The human role remains central. Micro‑signals don’t arrive with conclusions attached. They require cultural understanding, contextual judgment and ethical interpretation. AI may broaden the field of view, but researchers determine what truly matters and how those early signals should shape decisions.

The quiet moments where consumer choices are shaped

The rise of micro‑signal detection is changing the nature of insight work itself, giving us an unmatched advantage when it comes to consumer understanding.

By catching the earliest traces of System 2 thinking, researchers gain access to the quiet moments where choices are shaped; not after decisions have been made, but while consumers are still weighing options, wrestling with trade‑offs and updating their beliefs. These early cues shift research from watching outcomes to understanding the reasoning that produces them, giving researchers the power to act.

But this intelligence only becomes powerful with the right data foundations. Micro‑signals live in fragments without greater context; search behaviors here, conversational clues there, product listings and reviews somewhere else … and tiny behavioral tells scattered across platforms. Without strong data management, they stay disconnected and unusable. With it, they become a map of emerging consumer intent and future opportunity. Clean, structured, well‑governed data and context translation are what allow weak signals to accumulate into meaningful foresight.
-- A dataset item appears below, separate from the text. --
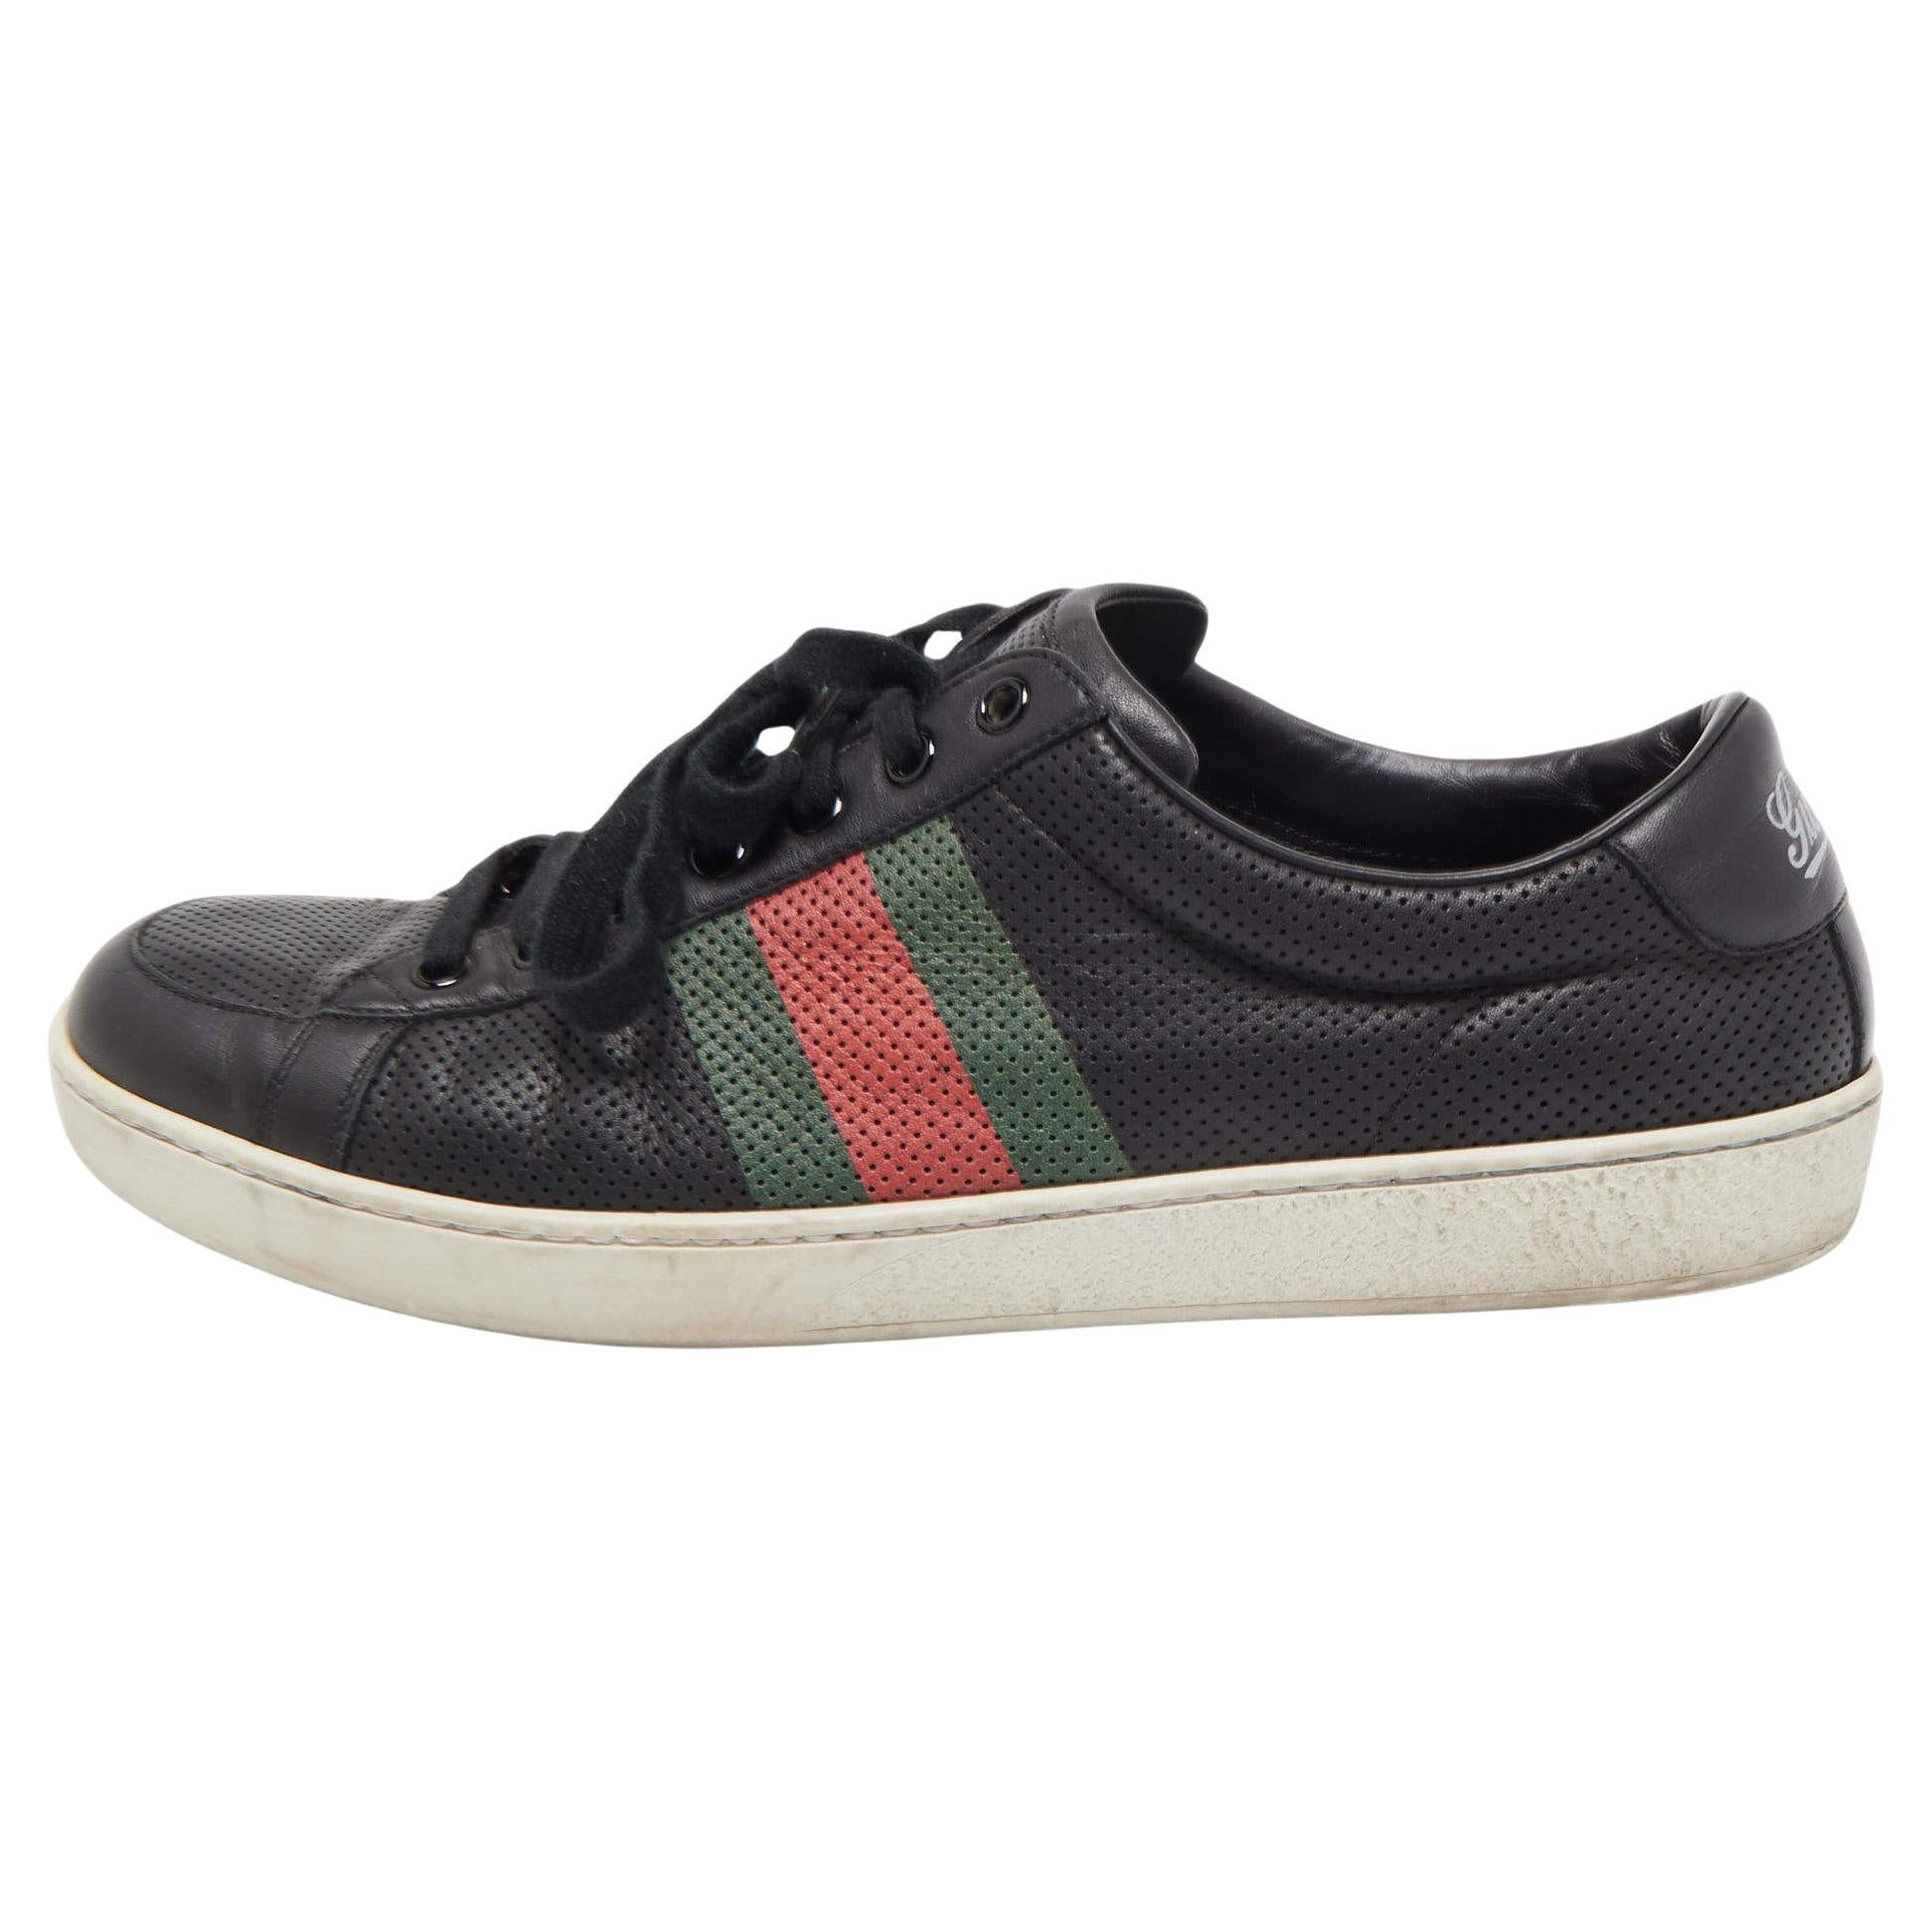 Gucci Black Perforated Leather Web Detail Low Top Sneakers Size 42.5 For Sale
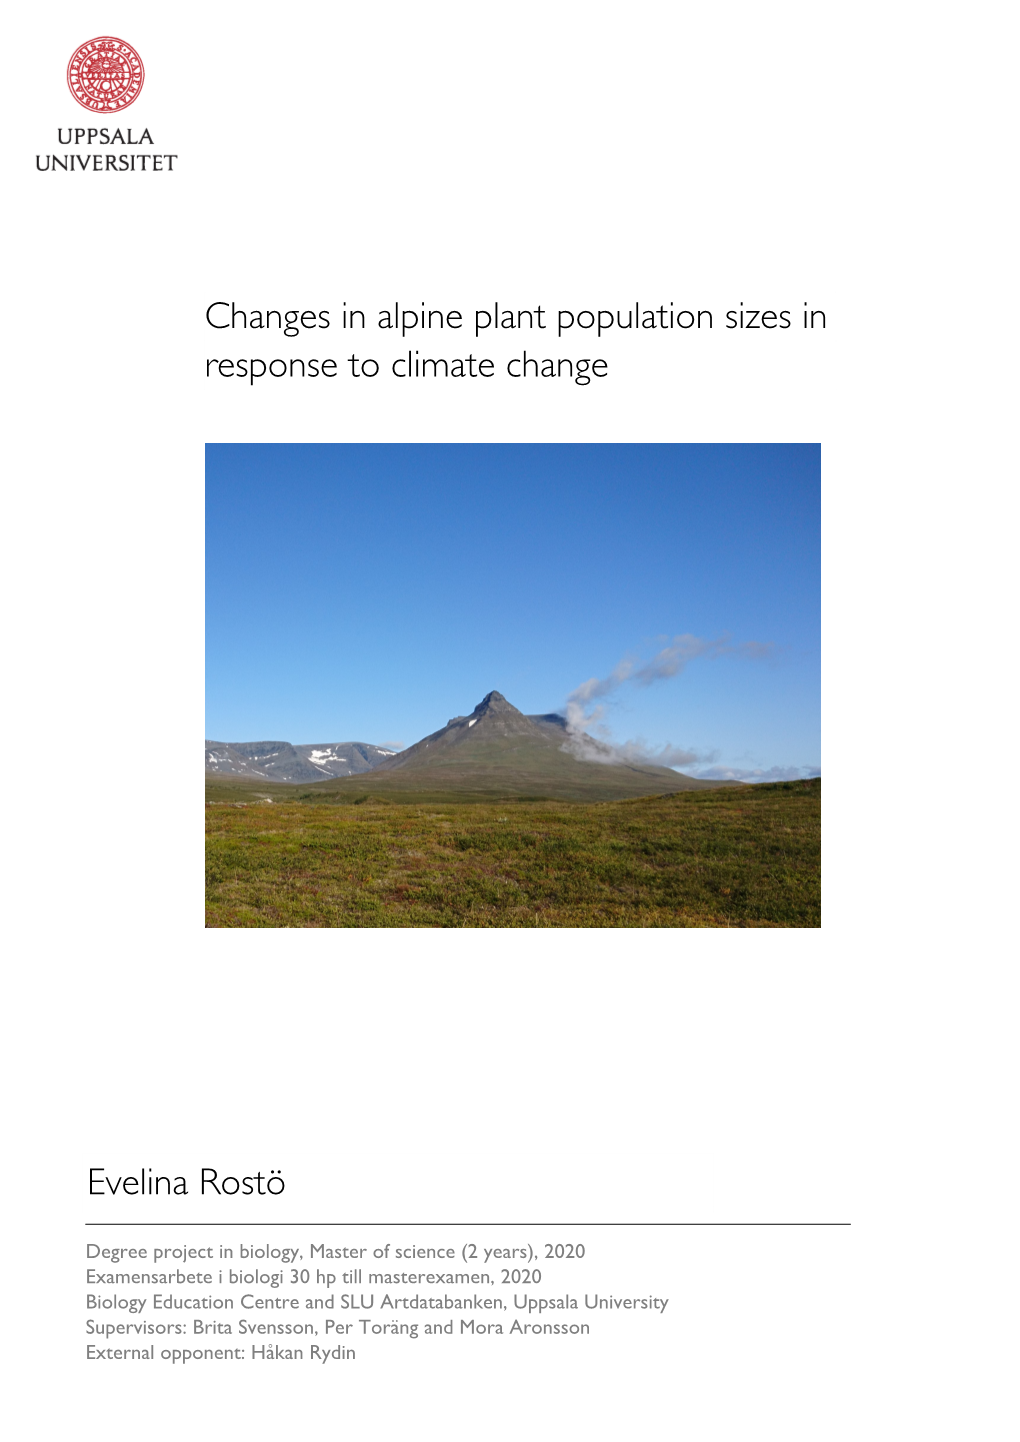 Changes in Alpine Plant Population Sizes in Response to Climate Change

And that’s the real opportunity ahead. As organizations mature their data infrastructure and pair it with AI, insight teams will move beyond describing what consumers did and toward predicting how they will think. The path forward is clear: build the data foundations to connect the tiniest signals, uncover the micro‑cues already hiding in your ecosystem, use System‑2‑style AI to surface them early and free researchers to focus on interpreting what truly matters. This isn’t just faster research – it’s a new model of anticipatory intelligence grounded in observable micro-signal data. A discipline built not on chasing trends but on seeing the earliest flickers of change and understanding the human reasoning behind them.